An international team of researchers obtained new geochemical evidence from earth’s oldest-known rocks—found in remote lake regions of northern Canada—which presents a different picture of the planet’s earliest history.
In a paper published in the journal Science Advances, the scientists say that the oldest samples they collected contradict previous research that argued that subduction and recycling were operating from as early as ~4.3 Ga ago. Since earth itself is only 4.5 Ga old, such a claim infers plate tectonic activity from almost day one.
But the samples collected by the team led by Li Xianhua show no sign of material recycling at 4.0 Ga.
“The earliest evidence we find for surface recycling into magmas isn’t until 3.8 Ga,” the researcher said.
Plate tectonics, which cycles critical biogeochemical elements and maintains the planetary thermostat, is in part responsible for life on the blue planet. Subduction—the destructive force of plate tectonics that pushes one plate beneath another—is the most telltale sign of plate tectonics’ great recycling program.

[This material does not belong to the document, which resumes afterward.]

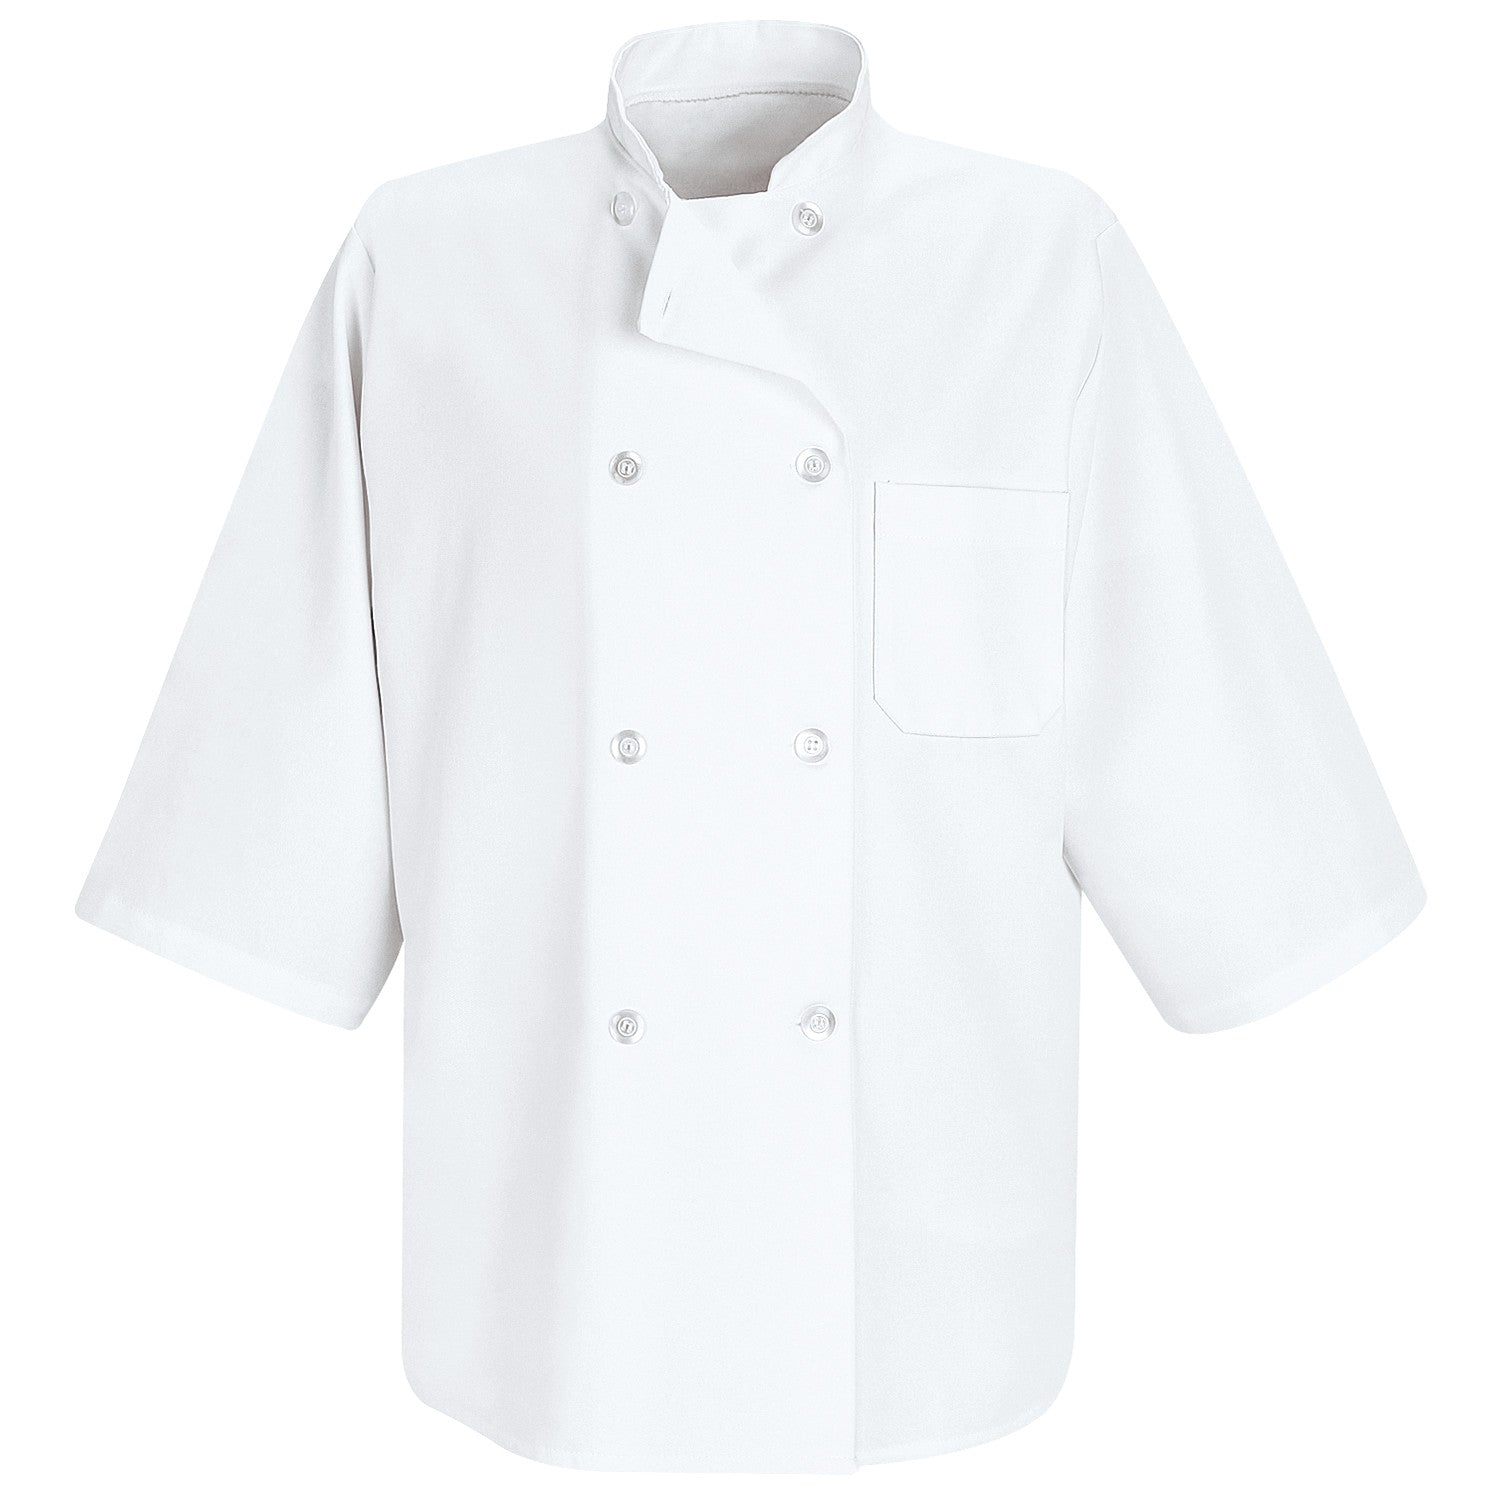 ½ Sleeve Chef Coat 0404 - White-eSafety Supplies, Inc
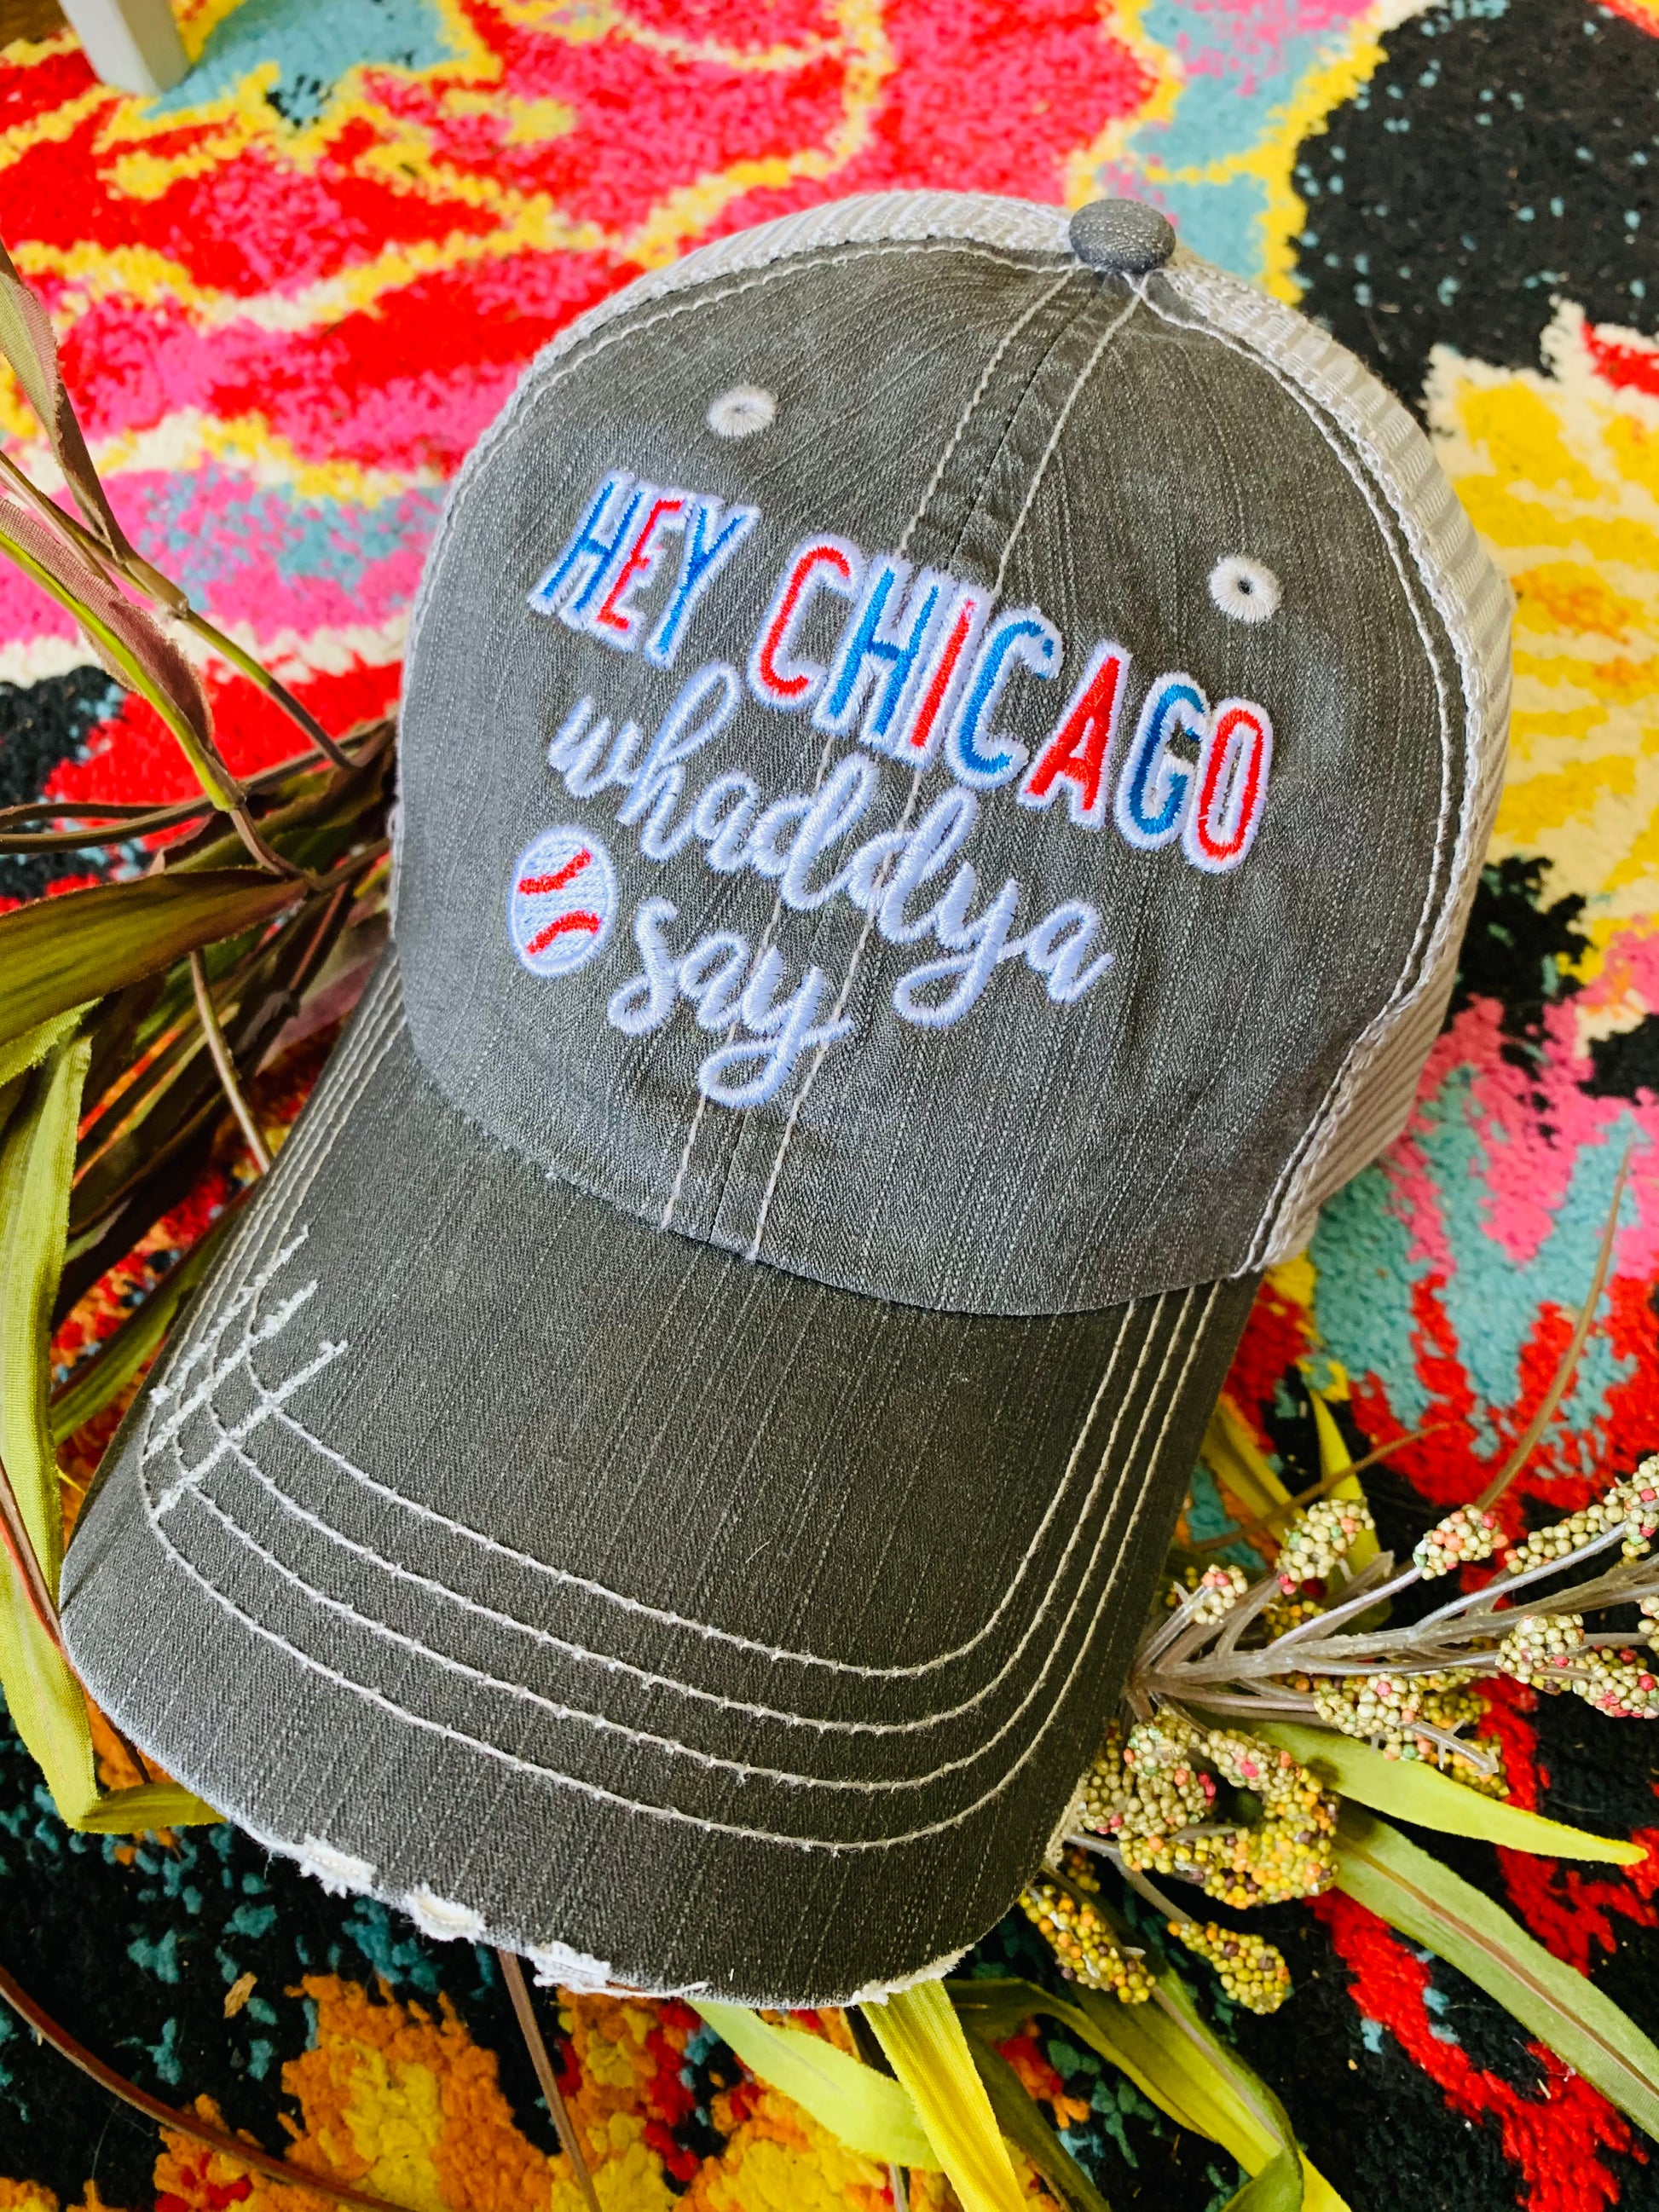 Baseball hats Chicago Cubs Hey Chicago whaddya say Embroidered distressed  gray trucker cap Unisex

According to Xianhua, silicon and oxygen isotopes in granitic rocks are tracers of surface material recycling in magma. On ancient earth, seawater was saturated with Si and rich in heavy Si due to the lack of lifeforms to consume it. Thus, if any heavy Si materials from the seafloor were recycled back into magma chambers by subduction, then heavy Si isotopes would be detected in granitic rock samples.
“One of the difficulties in applying this technique to ancient rocks is identifying the primary Si isotope composition,” Zhang Qing, lead author of the paper, said. “This is because these rocks have been reworked by heat and pressure repeatedly throughout earth’s long history.”
Zircon, the most abundant datable mineral in granitic rocks, is also conveniently resistant to weathering and later alteration. Applying ultra-high precision analytical techniques to zircon can provide the most reliable constraints on whether the detected Si isotope composition represents the primary signature.
The absence of a heavy Si signature in the 4.0 Ga rocks means the oldest samples didn’t require subduction.
“Nonetheless, given that the oldest rocks are from a single locality, no subduction needed for one small area doesn’t mean no plate subduction on the planet at 4.0 Ga,” co-author Allen Nutman said.
After careful filtering, though, the data revealed a distinct shift at 3.8 Ga in both Si and O isotopes. For this reason, the study concludes that a possible change in earth’s geodynamics, such as the onset of plate subduction, occurred at 3.8 Ga.
“It was already amazing that these oldest rocks are preserved,” co-author Ross Mitchell said. “And now we learn that they also tell a tectonic coming-of-age story as well.”